Action item:
When you transcribe the listing that follows, keep every line exact and skip any picture.

Given information:
┌──

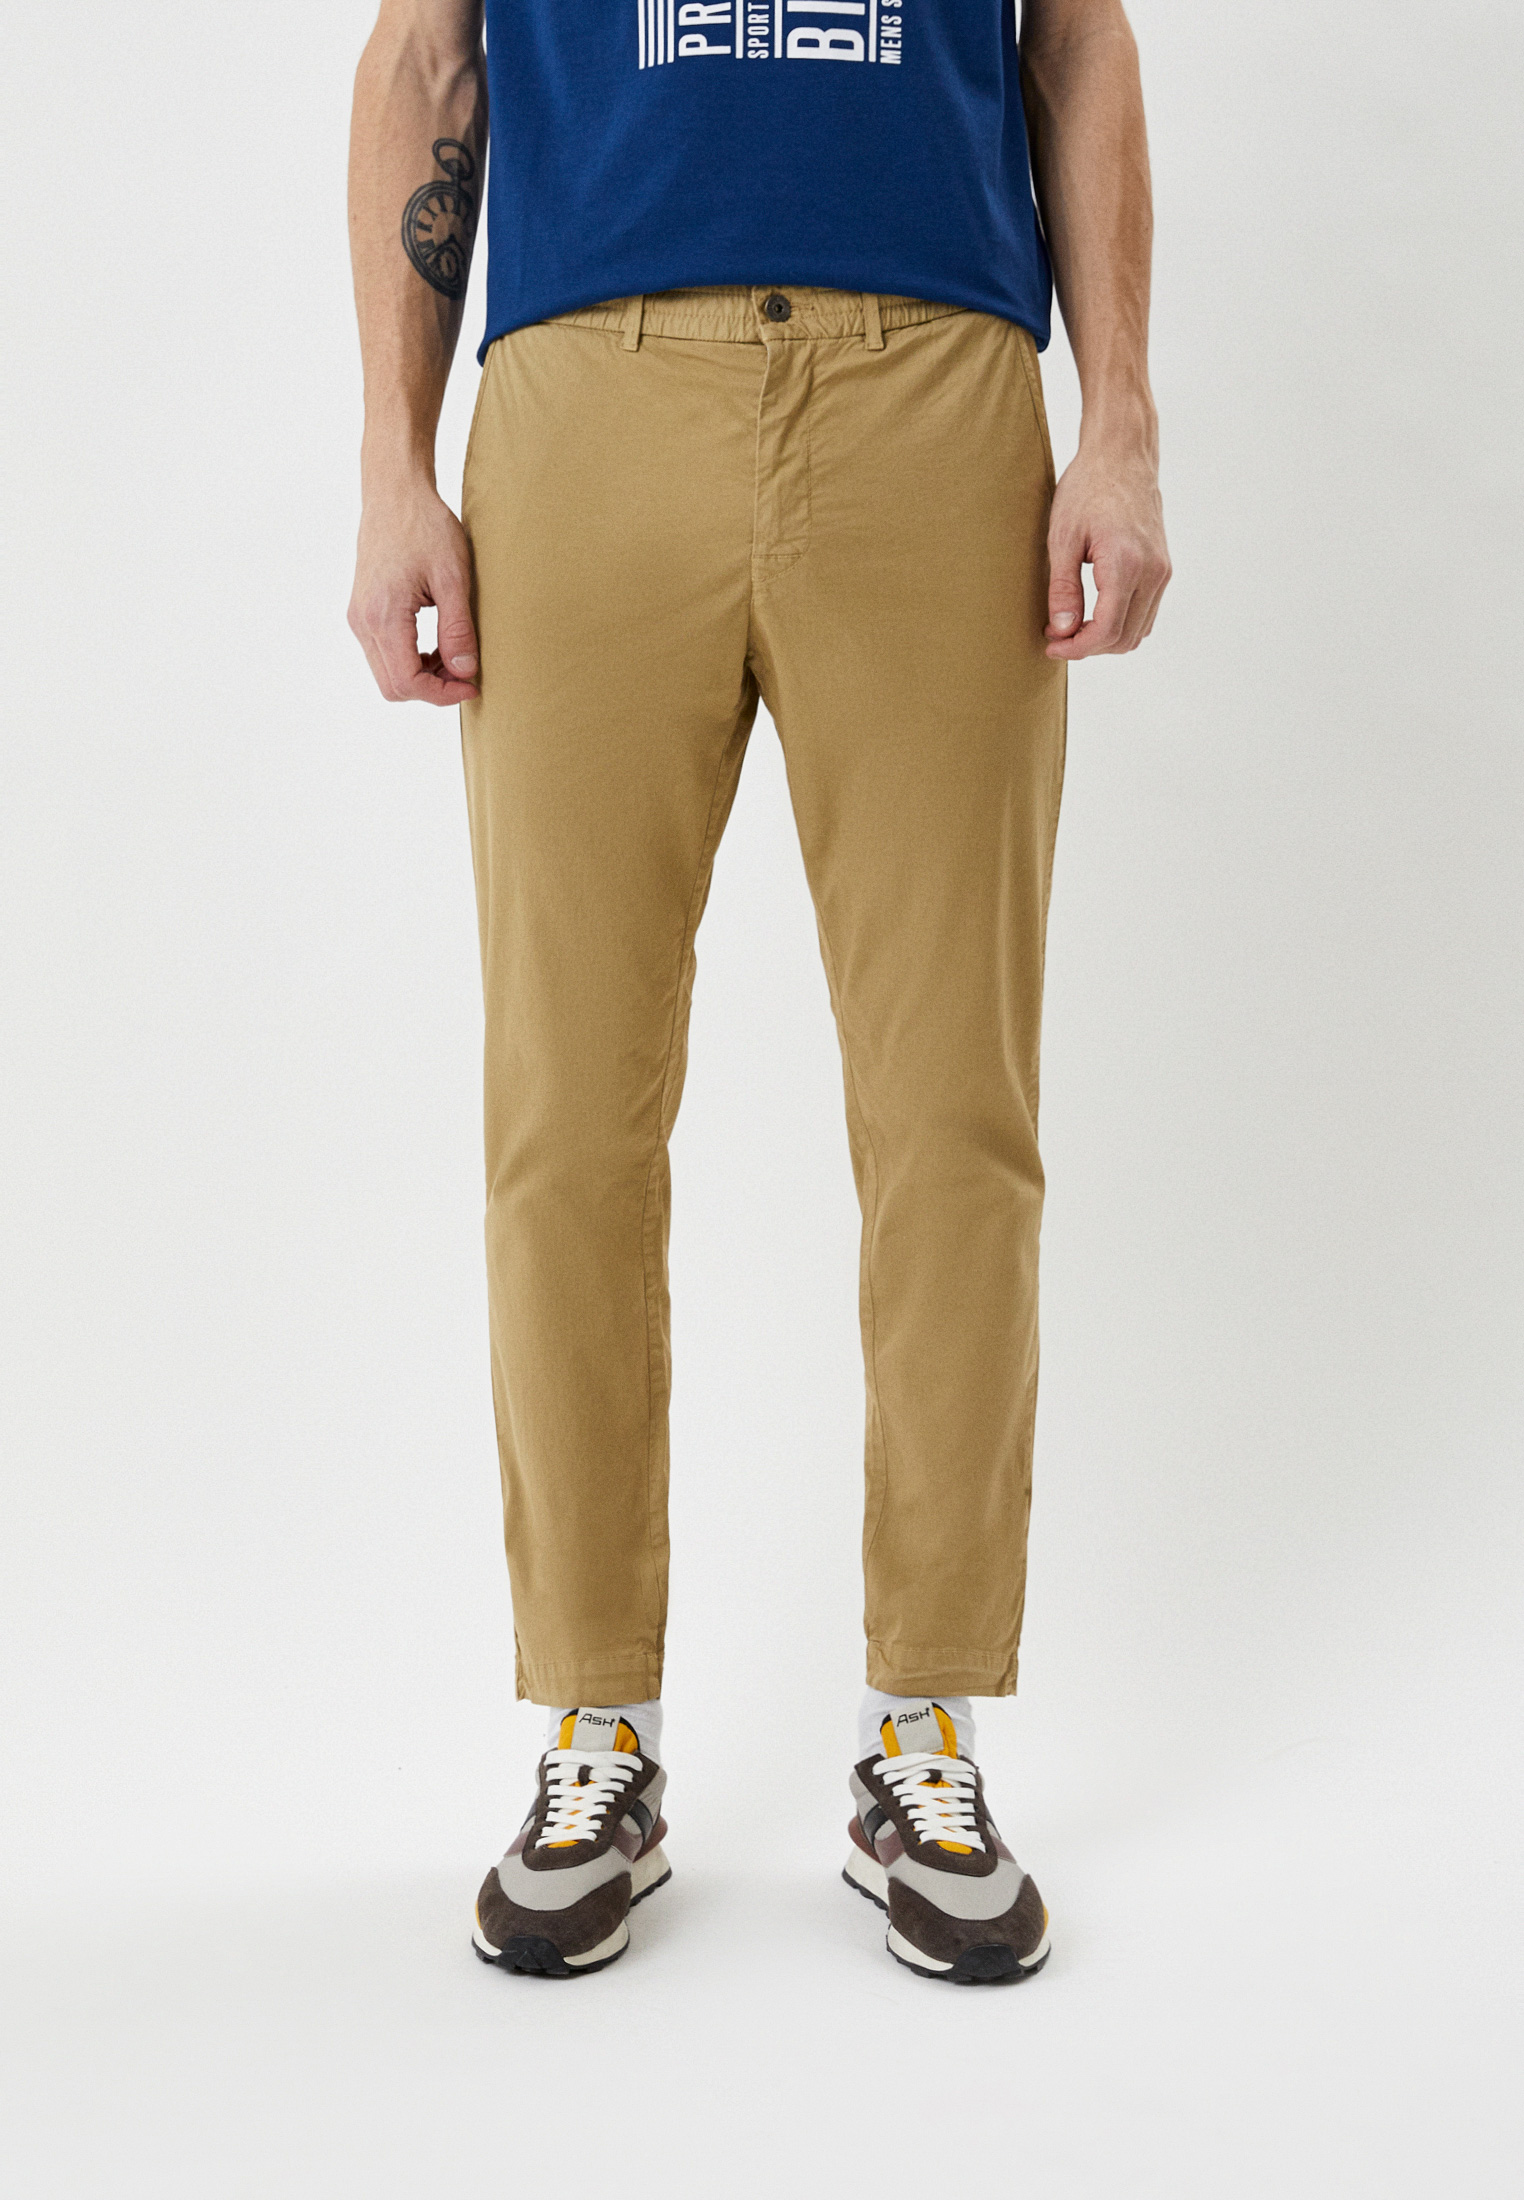 Мужские повседневные брюки Bikkembergs (Биккембергс) CP11001S3720: изображение 1
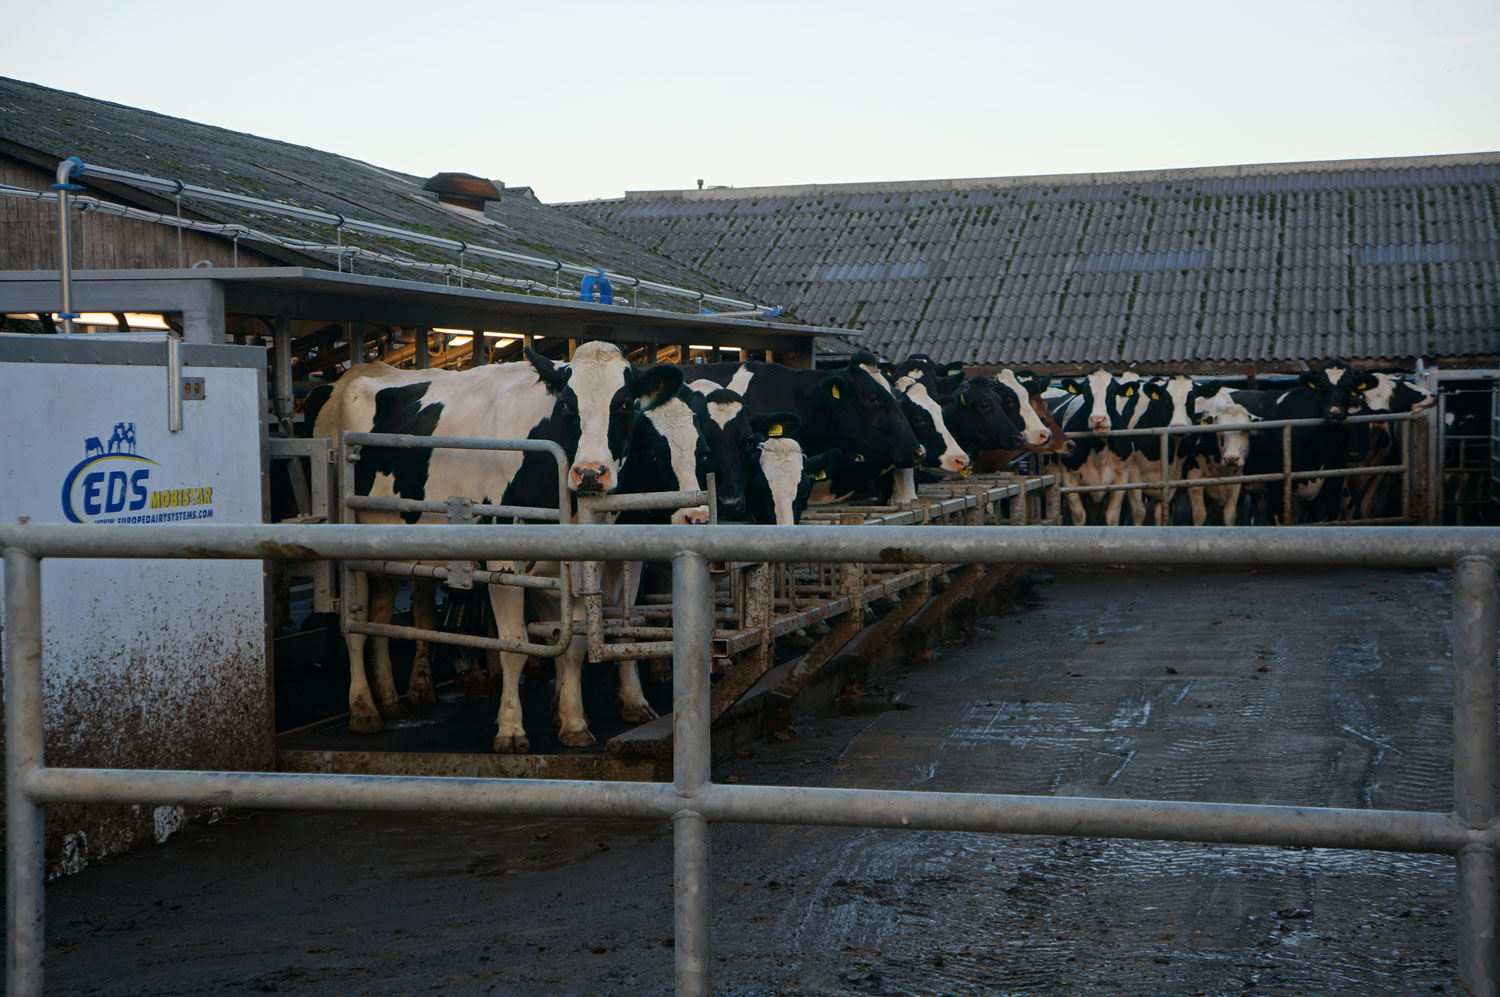 Outdoor milking
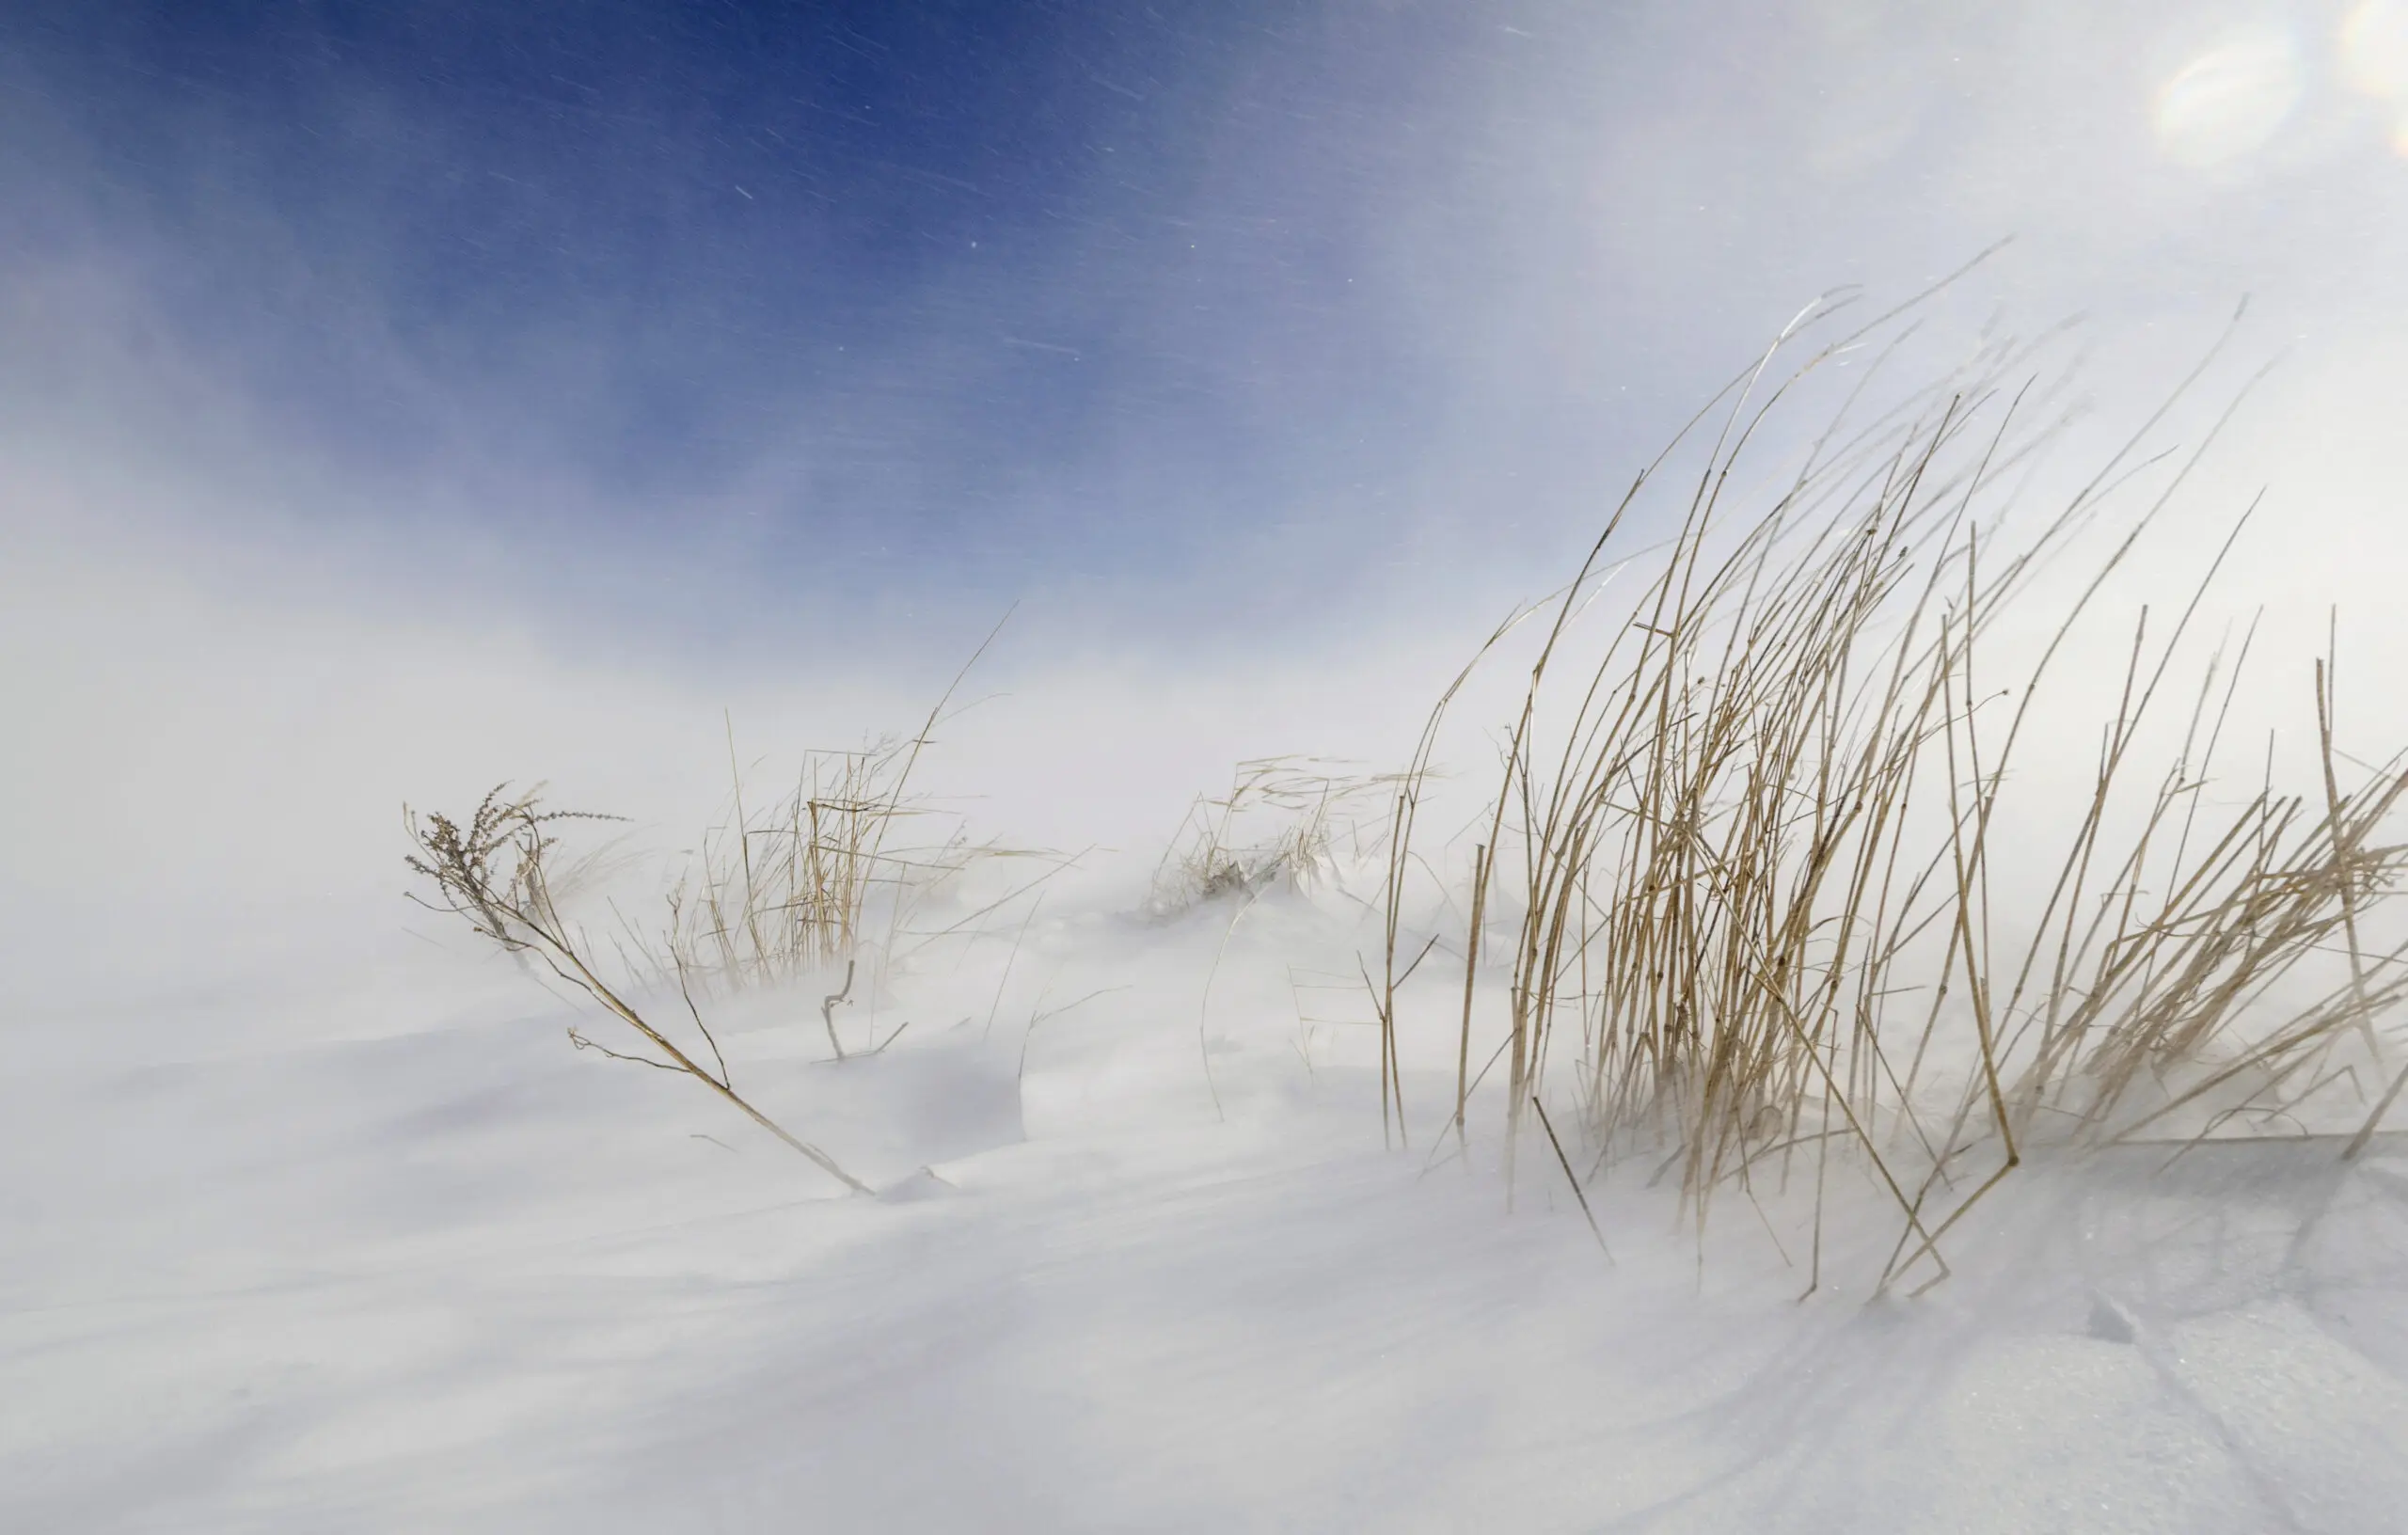 Wandbild (5299) Sunny snowstorm by Carlo Tonti präsentiert: Details und Strukturen,Natur,Landschaften,Gräser,Strände,Sonstige Naturdetails

└──

Answer space:
 Мужские повседневные брюки Bikkembergs (Биккембергс) CP11001S3720: изображение 1
 Outdoor milking
 Wandbild (5299) Sunny snowstorm by Carlo Tonti präsentiert: Details und Strukturen,Natur,Landschaften,Gräser,Strände,Sonstige Naturdetails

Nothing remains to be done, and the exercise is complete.